### Data provided:

----

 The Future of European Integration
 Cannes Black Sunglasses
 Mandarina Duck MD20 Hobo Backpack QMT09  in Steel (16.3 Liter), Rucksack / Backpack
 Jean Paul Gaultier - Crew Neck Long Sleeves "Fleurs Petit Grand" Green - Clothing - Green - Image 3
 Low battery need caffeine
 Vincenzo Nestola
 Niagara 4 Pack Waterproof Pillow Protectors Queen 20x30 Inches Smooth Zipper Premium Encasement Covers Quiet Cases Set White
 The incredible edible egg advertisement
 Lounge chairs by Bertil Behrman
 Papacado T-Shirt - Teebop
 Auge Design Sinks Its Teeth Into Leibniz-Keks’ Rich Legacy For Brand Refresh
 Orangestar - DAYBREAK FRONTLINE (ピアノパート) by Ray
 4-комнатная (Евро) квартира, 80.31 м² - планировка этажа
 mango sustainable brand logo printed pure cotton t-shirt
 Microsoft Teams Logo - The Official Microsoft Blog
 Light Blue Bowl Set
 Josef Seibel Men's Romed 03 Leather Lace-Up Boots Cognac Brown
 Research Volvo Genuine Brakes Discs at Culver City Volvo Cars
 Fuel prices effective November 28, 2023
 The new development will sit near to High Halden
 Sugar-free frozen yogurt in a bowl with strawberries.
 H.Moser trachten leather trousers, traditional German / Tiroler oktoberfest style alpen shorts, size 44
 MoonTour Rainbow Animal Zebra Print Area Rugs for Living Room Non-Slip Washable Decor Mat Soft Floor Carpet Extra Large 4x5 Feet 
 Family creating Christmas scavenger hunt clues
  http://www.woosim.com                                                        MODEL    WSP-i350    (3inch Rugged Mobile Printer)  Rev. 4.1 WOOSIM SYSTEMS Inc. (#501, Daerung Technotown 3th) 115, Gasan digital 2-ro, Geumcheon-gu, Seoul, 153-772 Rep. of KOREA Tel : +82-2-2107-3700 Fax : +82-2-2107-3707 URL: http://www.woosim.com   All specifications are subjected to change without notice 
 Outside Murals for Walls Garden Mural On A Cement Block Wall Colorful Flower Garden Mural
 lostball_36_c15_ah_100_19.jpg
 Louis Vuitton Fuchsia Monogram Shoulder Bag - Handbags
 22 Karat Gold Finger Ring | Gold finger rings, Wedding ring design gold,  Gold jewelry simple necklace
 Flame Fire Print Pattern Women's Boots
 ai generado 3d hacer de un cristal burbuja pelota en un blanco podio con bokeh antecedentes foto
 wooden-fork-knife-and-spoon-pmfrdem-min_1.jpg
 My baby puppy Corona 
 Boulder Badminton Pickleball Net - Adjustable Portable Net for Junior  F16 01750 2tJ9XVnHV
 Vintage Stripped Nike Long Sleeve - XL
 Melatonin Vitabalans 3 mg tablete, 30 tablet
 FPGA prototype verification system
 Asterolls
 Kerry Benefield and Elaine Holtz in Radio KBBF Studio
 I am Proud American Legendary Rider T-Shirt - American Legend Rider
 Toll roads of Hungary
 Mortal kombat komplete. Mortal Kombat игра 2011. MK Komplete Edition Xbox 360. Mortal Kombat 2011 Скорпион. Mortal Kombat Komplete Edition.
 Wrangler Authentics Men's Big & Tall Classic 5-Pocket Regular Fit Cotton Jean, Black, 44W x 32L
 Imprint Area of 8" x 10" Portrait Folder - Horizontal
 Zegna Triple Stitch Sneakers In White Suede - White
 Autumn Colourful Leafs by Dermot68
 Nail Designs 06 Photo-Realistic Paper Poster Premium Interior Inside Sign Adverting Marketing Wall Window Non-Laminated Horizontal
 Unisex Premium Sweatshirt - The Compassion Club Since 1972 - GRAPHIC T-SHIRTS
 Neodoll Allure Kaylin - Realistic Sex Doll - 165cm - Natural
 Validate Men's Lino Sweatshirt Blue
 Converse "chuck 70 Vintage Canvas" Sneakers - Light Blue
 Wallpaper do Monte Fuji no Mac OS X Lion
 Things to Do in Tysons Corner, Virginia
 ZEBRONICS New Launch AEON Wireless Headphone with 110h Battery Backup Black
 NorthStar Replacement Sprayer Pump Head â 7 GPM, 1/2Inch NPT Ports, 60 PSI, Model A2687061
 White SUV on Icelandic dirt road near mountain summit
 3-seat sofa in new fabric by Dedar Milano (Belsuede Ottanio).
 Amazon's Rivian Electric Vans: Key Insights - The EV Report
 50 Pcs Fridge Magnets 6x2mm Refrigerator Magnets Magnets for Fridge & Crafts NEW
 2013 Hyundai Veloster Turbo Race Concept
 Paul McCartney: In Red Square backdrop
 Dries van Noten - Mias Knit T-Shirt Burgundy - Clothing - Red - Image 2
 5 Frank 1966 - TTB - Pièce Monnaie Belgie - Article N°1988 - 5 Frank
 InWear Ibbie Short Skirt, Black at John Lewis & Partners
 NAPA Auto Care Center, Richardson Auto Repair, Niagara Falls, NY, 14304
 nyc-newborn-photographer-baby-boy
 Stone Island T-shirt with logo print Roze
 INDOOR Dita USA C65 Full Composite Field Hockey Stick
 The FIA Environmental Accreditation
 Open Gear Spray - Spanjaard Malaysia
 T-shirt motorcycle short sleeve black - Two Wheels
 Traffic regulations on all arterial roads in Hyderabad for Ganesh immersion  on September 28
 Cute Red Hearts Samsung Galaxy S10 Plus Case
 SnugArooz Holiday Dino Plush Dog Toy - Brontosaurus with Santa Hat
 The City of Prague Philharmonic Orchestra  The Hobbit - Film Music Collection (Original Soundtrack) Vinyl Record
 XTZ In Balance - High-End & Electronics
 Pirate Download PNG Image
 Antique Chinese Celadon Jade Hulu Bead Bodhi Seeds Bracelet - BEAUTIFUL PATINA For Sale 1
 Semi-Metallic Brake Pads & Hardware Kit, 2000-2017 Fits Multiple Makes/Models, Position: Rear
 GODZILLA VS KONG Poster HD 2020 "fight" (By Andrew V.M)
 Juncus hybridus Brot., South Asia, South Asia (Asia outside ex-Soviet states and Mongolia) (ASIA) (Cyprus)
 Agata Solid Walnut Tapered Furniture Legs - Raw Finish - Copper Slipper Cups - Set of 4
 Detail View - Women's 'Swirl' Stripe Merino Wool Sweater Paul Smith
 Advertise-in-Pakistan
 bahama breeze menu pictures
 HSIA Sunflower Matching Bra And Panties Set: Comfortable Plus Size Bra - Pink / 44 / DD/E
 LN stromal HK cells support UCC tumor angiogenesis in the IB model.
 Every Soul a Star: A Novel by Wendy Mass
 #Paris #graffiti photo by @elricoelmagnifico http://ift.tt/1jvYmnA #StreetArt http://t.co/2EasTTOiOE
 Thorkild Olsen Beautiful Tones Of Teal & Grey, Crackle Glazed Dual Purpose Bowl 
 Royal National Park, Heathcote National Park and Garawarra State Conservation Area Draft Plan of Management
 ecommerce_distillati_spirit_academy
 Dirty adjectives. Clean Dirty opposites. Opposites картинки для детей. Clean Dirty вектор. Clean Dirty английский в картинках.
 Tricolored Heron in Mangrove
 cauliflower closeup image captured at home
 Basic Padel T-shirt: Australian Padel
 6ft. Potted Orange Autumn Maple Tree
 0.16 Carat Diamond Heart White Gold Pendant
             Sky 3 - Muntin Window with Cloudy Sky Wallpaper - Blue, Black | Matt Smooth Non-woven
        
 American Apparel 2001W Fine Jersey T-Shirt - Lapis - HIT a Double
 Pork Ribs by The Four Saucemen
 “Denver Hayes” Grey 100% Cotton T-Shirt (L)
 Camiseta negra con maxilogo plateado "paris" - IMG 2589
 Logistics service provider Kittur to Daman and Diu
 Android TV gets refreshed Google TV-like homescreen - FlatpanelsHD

----

### About this exercise:
Taking the line with "ZEBRONICS New Launch" as the first and the line with "bahama breeze menu pictures" as the last, retype that stretch of the data above exactly, with no other lines.

### Task response:
 ZEBRONICS New Launch AEON Wireless Headphone with 110h Battery Backup Black
 NorthStar Replacement Sprayer Pump Head â 7 GPM, 1/2Inch NPT Ports, 60 PSI, Model A2687061
 White SUV on Icelandic dirt road near mountain summit
 3-seat sofa in new fabric by Dedar Milano (Belsuede Ottanio).
 Amazon's Rivian Electric Vans: Key Insights - The EV Report
 50 Pcs Fridge Magnets 6x2mm Refrigerator Magnets Magnets for Fridge & Crafts NEW
 2013 Hyundai Veloster Turbo Race Concept
 Paul McCartney: In Red Square backdrop
 Dries van Noten - Mias Knit T-Shirt Burgundy - Clothing - Red - Image 2
 5 Frank 1966 - TTB - Pièce Monnaie Belgie - Article N°1988 - 5 Frank
 InWear Ibbie Short Skirt, Black at John Lewis & Partners
 NAPA Auto Care Center, Richardson Auto Repair, Niagara Falls, NY, 14304
 nyc-newborn-photographer-baby-boy
 Stone Island T-shirt with logo print Roze
 INDOOR Dita USA C65 Full Composite Field Hockey Stick
 The FIA Environmental Accreditation
 Open Gear Spray - Spanjaard Malaysia
 T-shirt motorcycle short sleeve black - Two Wheels
 Traffic regulations on all arterial roads in Hyderabad for Ganesh immersion  on September 28
 Cute Red Hearts Samsung Galaxy S10 Plus Case
 SnugArooz Holiday Dino Plush Dog Toy - Brontosaurus with Santa Hat
 The City of Prague Philharmonic Orchestra  The Hobbit - Film Music Collection (Original Soundtrack) Vinyl Record
 XTZ In Balance - High-End & Electronics
 Pirate Download PNG Image
 Antique Chinese Celadon Jade Hulu Bead Bodhi Seeds Bracelet - BEAUTIFUL PATINA For Sale 1
 Semi-Metallic Brake Pads & Hardware Kit, 2000-2017 Fits Multiple Makes/Models, Position: Rear
 GODZILLA VS KONG Poster HD 2020 "fight" (By Andrew V.M)
 Juncus hybridus Brot., South Asia, South Asia (Asia outside ex-Soviet states and Mongolia) (ASIA) (Cyprus)
 Agata Solid Walnut Tapered Furniture Legs - Raw Finish - Copper Slipper Cups - Set of 4
 Detail View - Women's 'Swirl' Stripe Merino Wool Sweater Paul Smith
 Advertise-in-Pakistan
 bahama breeze menu pictures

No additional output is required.